If you have no way to mix the items after they’ve been added to the container, then you have to change your addition process so that you minimize stratification. One way to do that is to use smaller additions. Rather than pouring all 30 units of A into the jar, followed by all the B and all the C, do it in one-unit increments. So, for example, you’d make one-unit additions in the order [A,B,C,A,B,A] 10 times.

Figuring that out for a mixture of three liquids is pretty easy. Let’s describe that mixture as A(3),B(2),C(1). Now imagine you want to mix seven liquids with these proportions: A(50),B(25),C(12),D(6),E(3),F(2),G(2).

Yeah. It gets messy quick. At first I thought I could create an array of 100 buckets and then, starting with the first item, put an A into every other one. Then but a B into every fourth one. But I ran into a problem real quick because “every fourth” has already been filled with an A. So then I figured I could just put the “every fourth” into positions 5, 9, 13, 17, 21, etc. But then I came to C and I have to put a C into every 8-1/3 item . . .

I stopped at that point because I couldn’t come up with a reasonable set of rules for the general case of mixing three liquids. And without a clear set of rules, I wasn’t even going to attempt writing code. I went to bed the other night frustrated with my inability to make progress.

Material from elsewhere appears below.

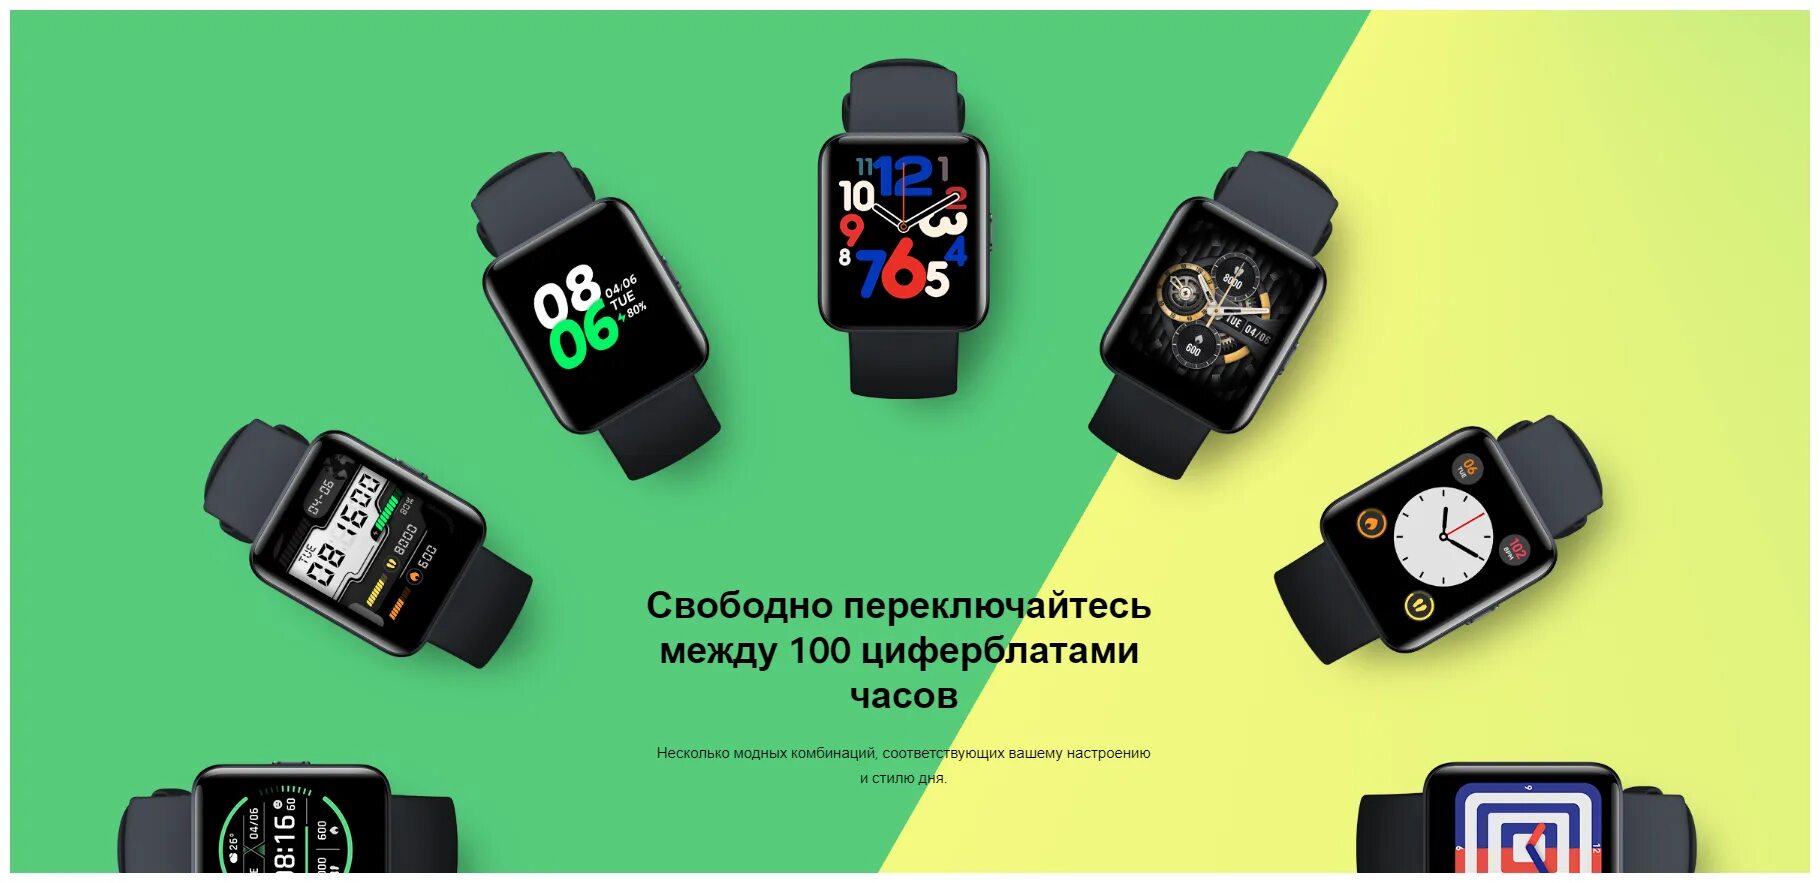 Установить часы redmi watch. Смарт-часы Xiaomi Redmi watch 2 Lite. Смарт часы редми 2 Лайт. Часы редми вотч 2 Лайт. Смарт-часы Xiaomi Redmi watch 2 Lite, черные.
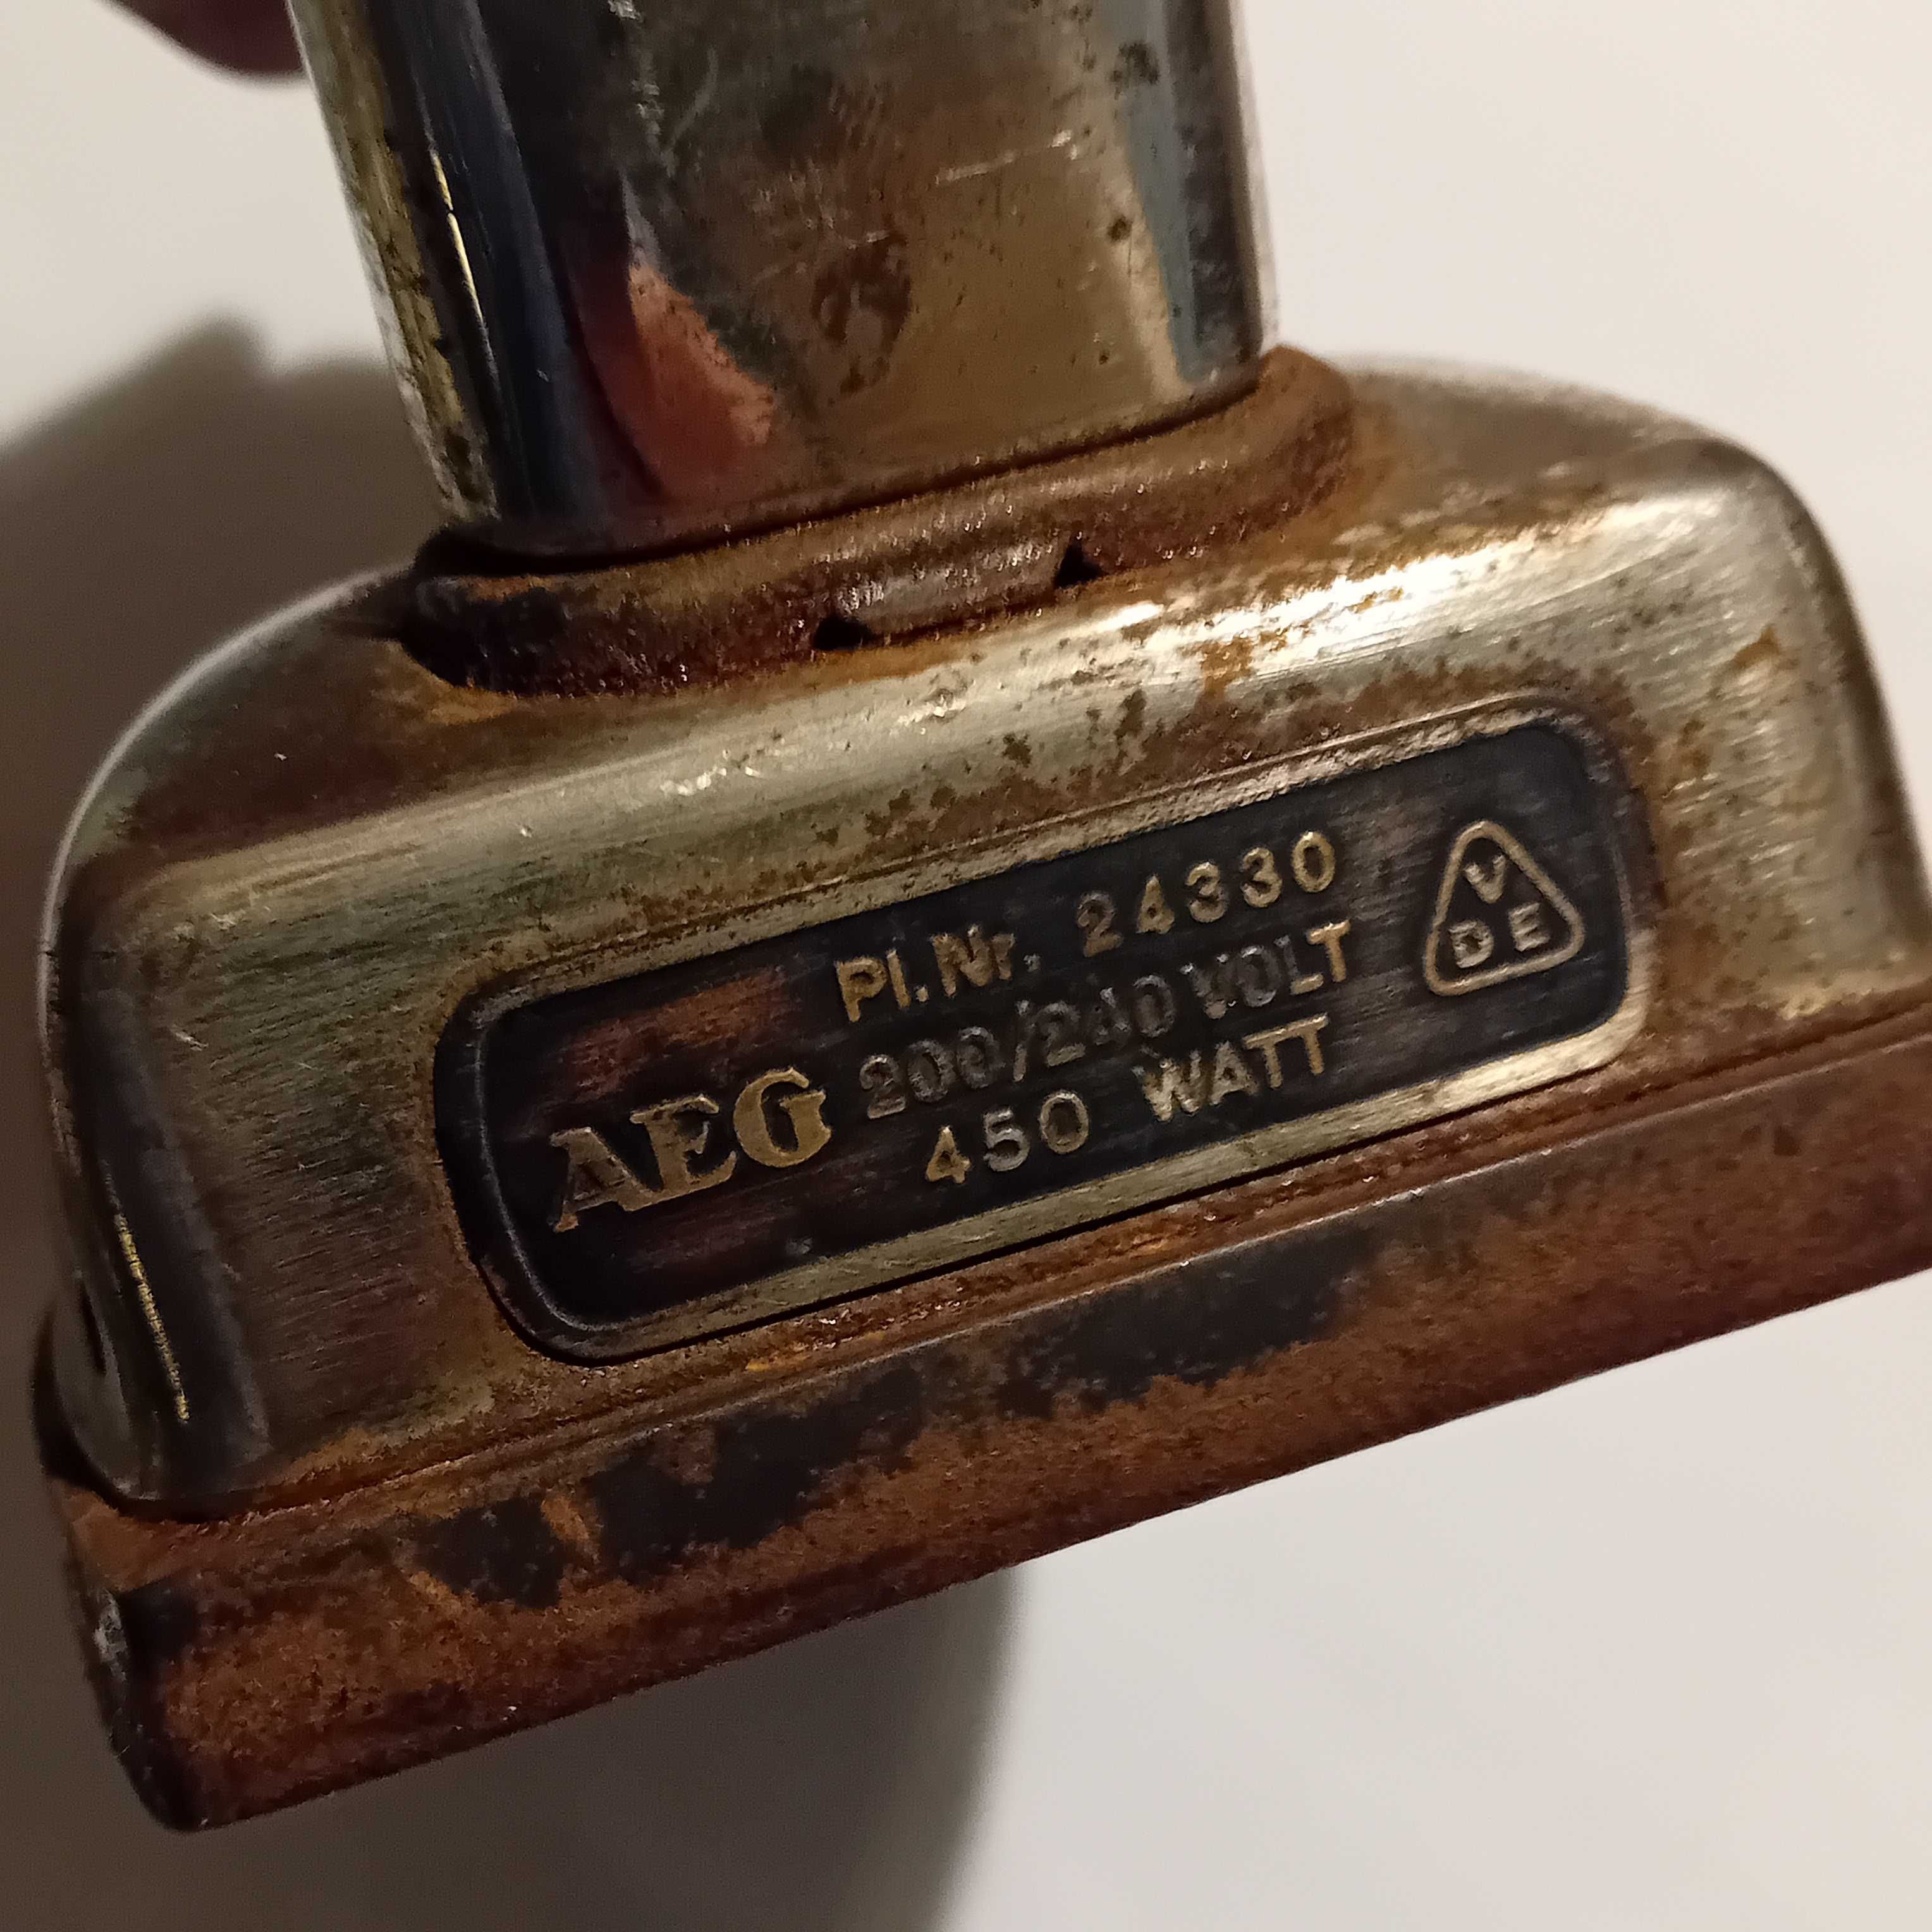 Stare żelazko elektryczne AEG PI.Nr 24330. 450 W.

I don’t even try to understand how my brain works. At some point just before or after I fell asleep, I envisioned three different streams of liquid. One was pouring out of a nozzle that was delivering three gallons per minute, one delivering two gallons per minute, and the last delivering one gallon per minute. The three streams of liquid were merging!

It was an “Aha!” moment. I actually sat straight up in bed. I know how to merge streams. I just need a way to make those proportions look like streams.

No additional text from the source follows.